_Directions_
Please transcribe the listing below in full and word for word, without its pictures.

_Source data_

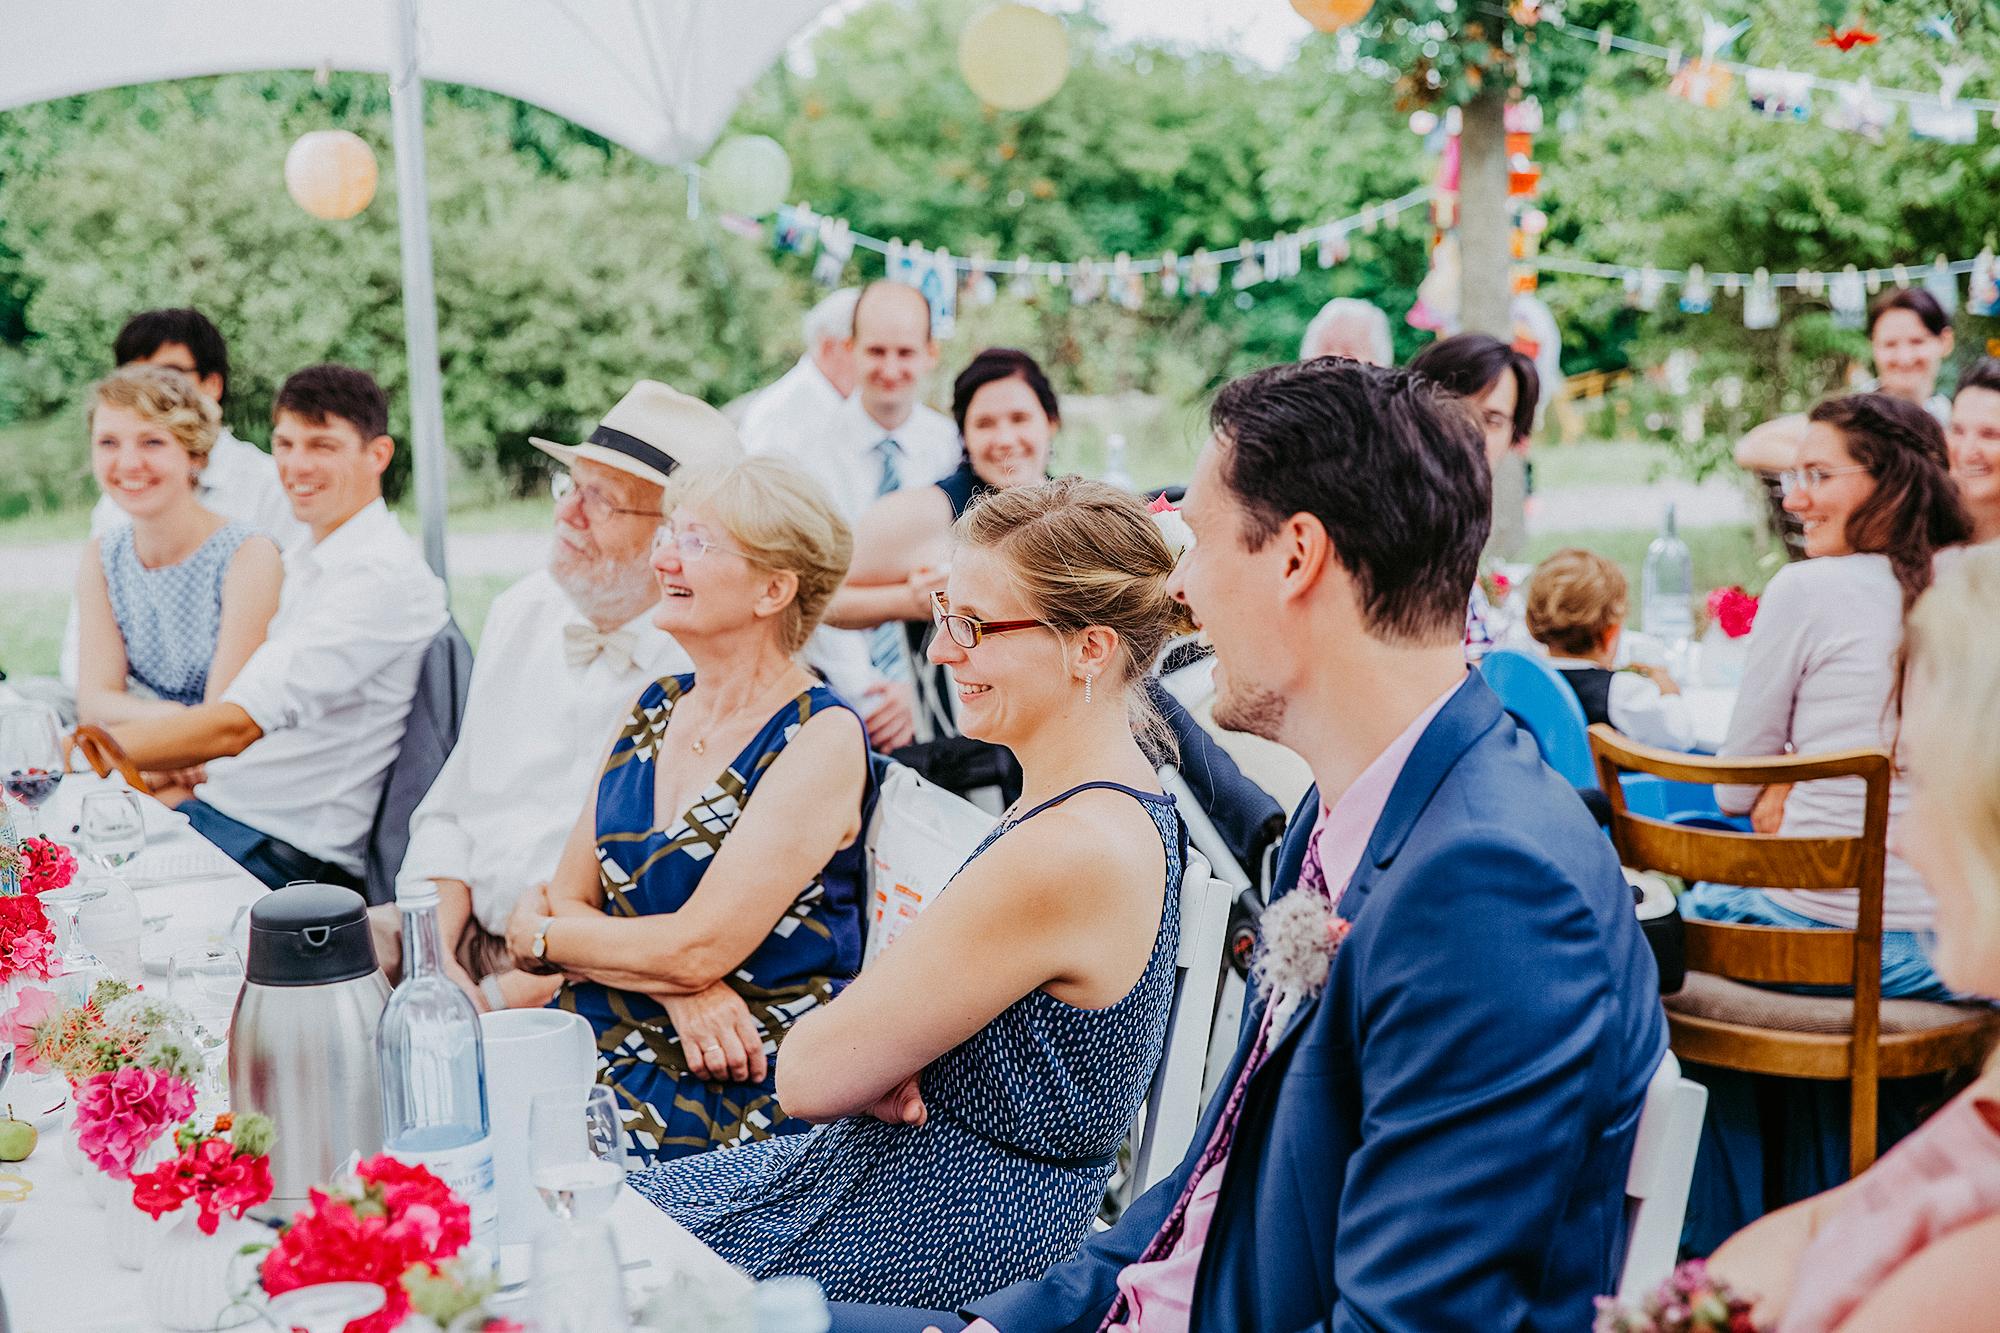 Hochzeit_Potsdam_fotograf_G34_5
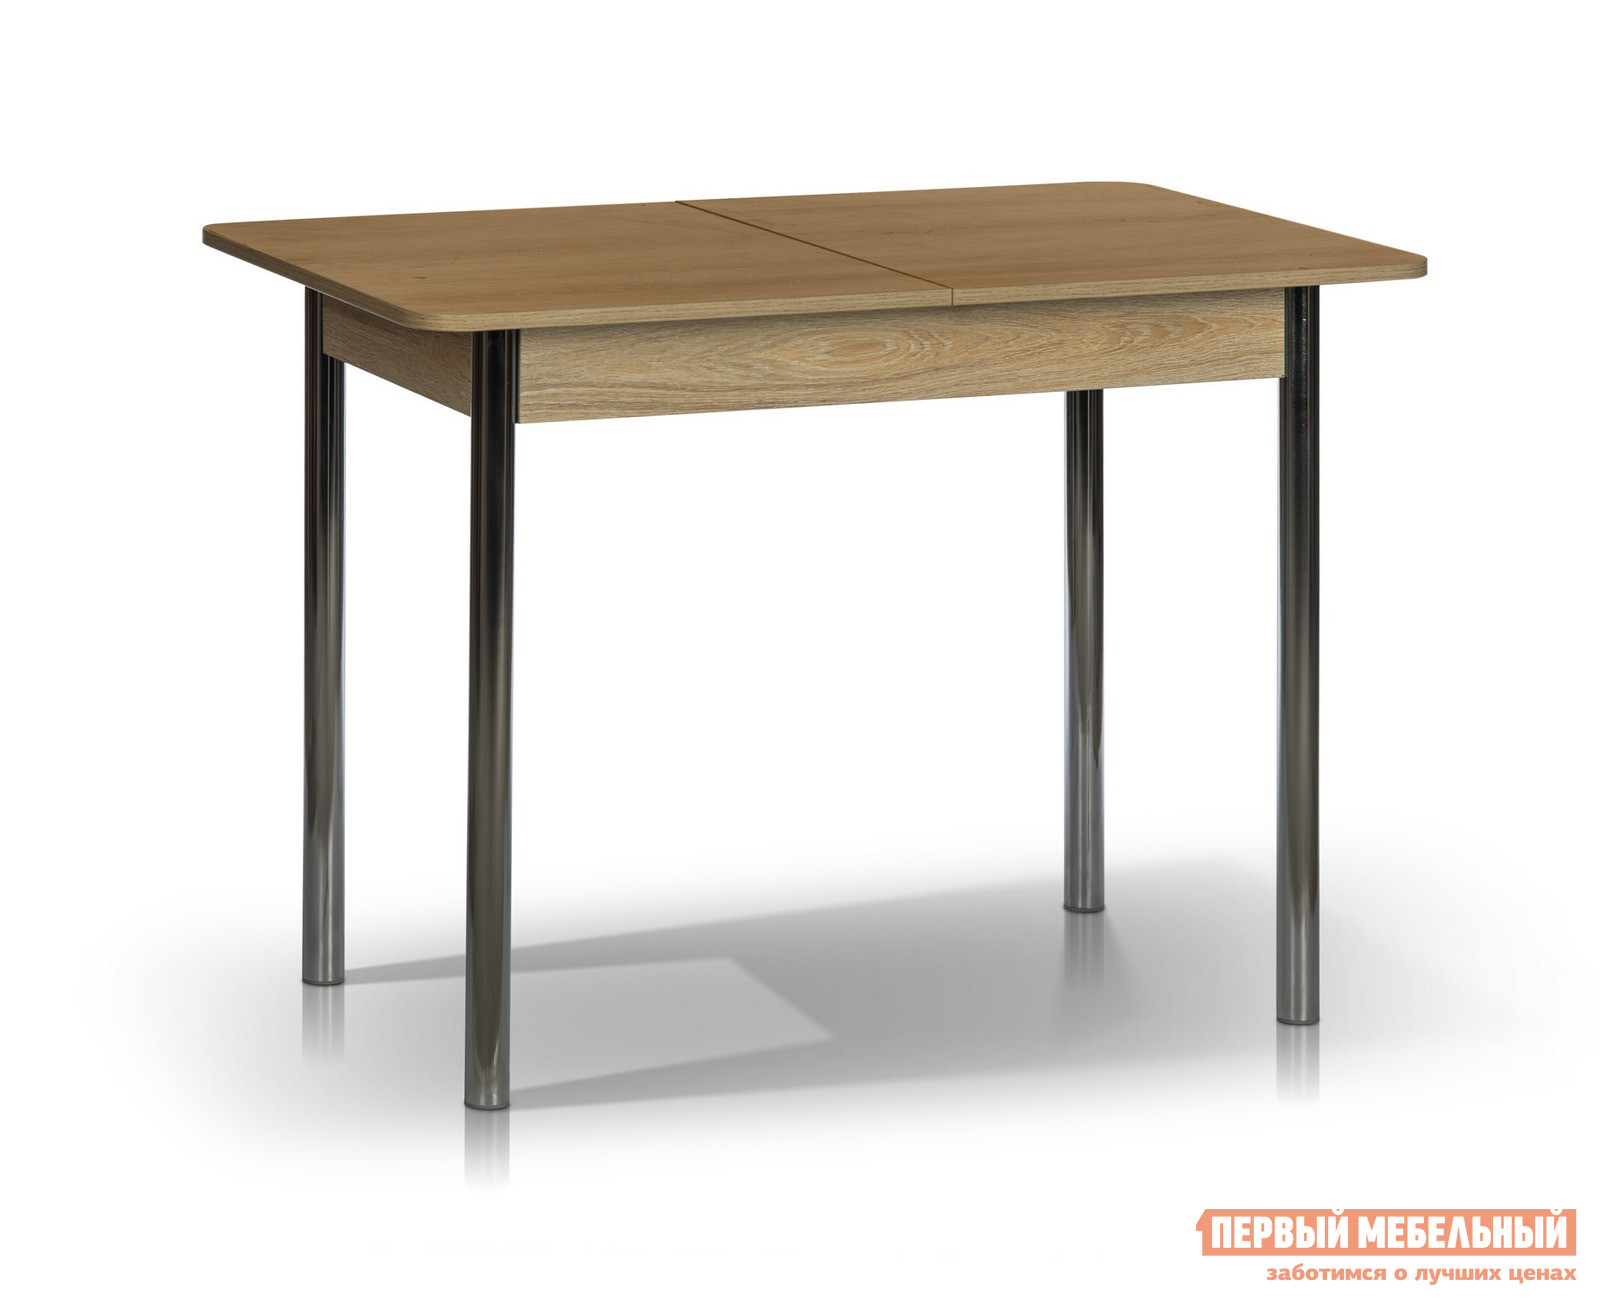 Кухонный стол МегаЭлатон Капри Дуб швейцарский
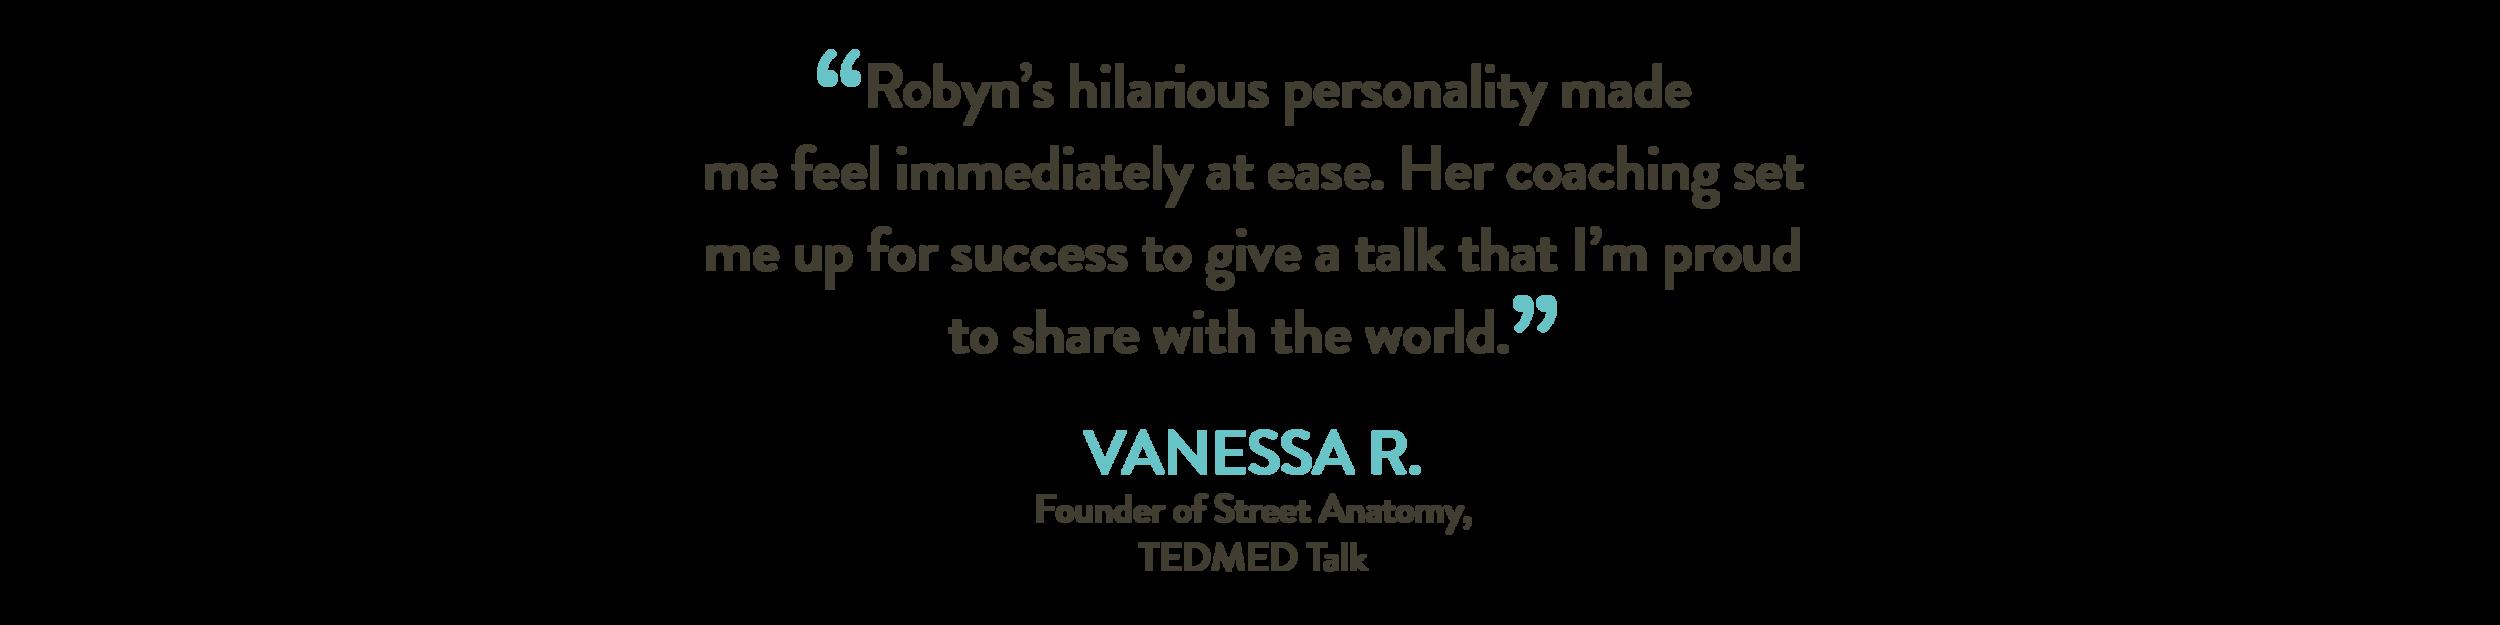 5_RLS_Testimonials_Coach_Vanessa R.png

_Response to the task_
 Hochzeit_Potsdam_fotograf_G34_5
 Кухонный стол МегаЭлатон Капри Дуб швейцарский
 5_RLS_Testimonials_Coach_Vanessa R.png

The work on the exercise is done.